Salesforce Connections is what used to be Exact Target’s user conference. Now, it’s rightfully the Salesforce Marketing Cloud’s conference and, while not at the scope of Dreamforce (then again, nothing is), it is without a doubt a banner conference, drawing around 10,000 souls a year. What makes it interesting is that it is a flagship conference, despite Salesforce’s relentless city tours and the overwhelming presence of Dreamforce. Even though Dreamforce of course drives Salesforce’s perception and direction for at least 12 months from the event, it is still Connections which pretty much determines what Salesforce customers, prospects, analysts/influencers, journalists and general market watchers perceive when it comes to the narrative around the marketing cloud.
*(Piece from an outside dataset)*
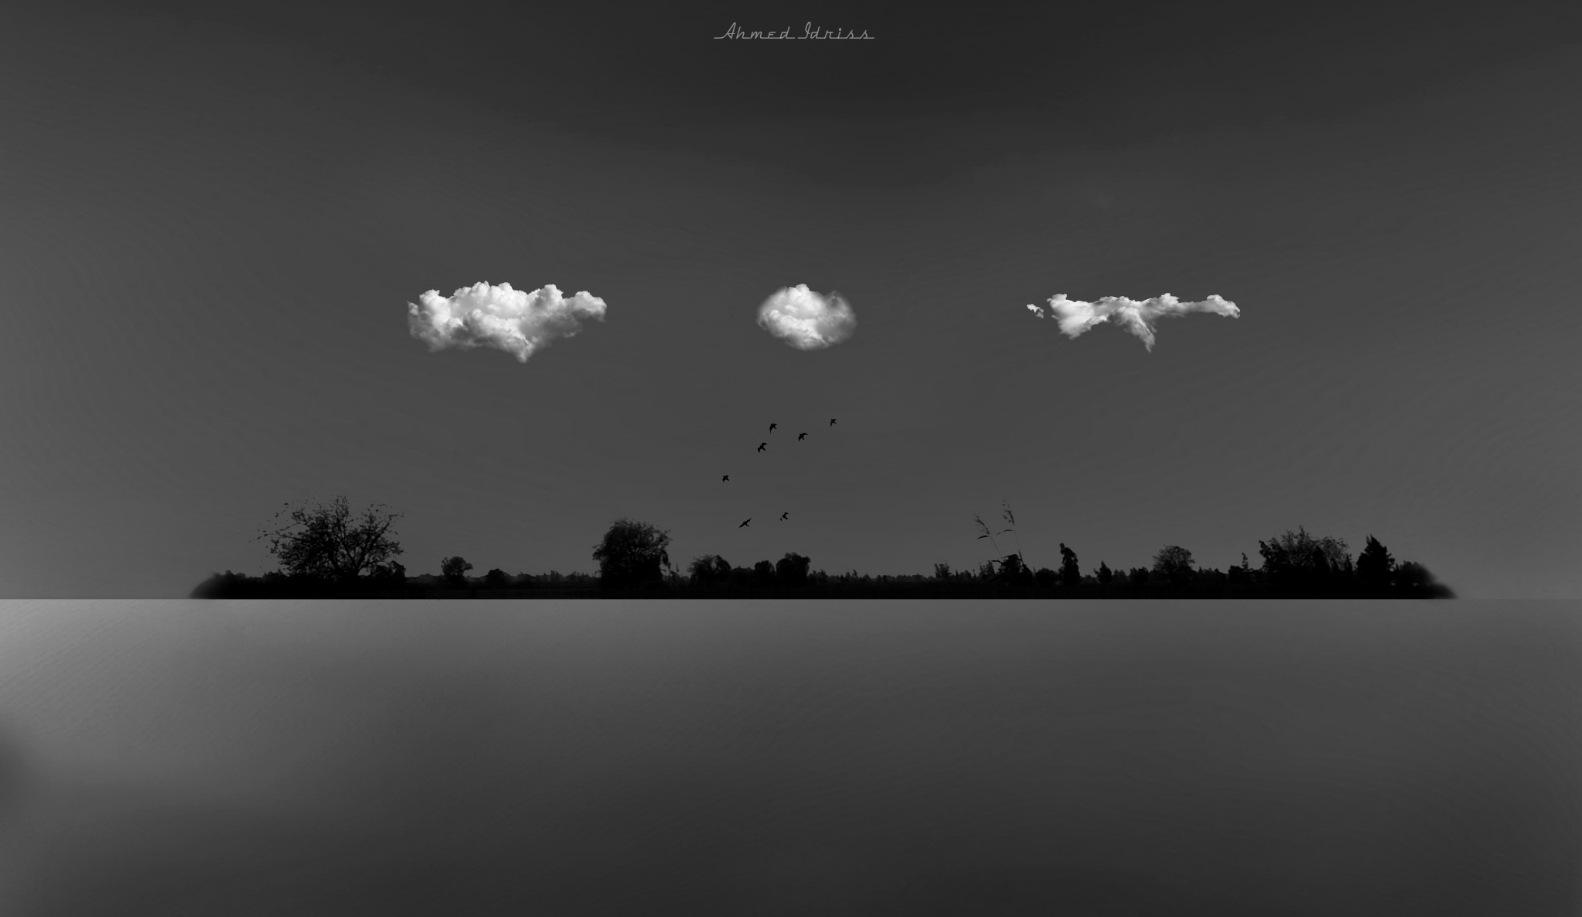 Island  by Ahmed Idris

It has outsize importance, and — at the moment — is the only conference that Salesforce does for a single one of its “(fill in the blank) clouds” at all.
So it is clearly an important effort in the pantheon of Salesforce’s multiple events.
That’s why this year’s conference tends to have given me mixed feelings – and, to be entirely candid, some of that is science, some art and some just…feelings, nothing more than feelings….
I’ll elaborate in a bit.
First, of course, the scorecard that everyone is waiting for…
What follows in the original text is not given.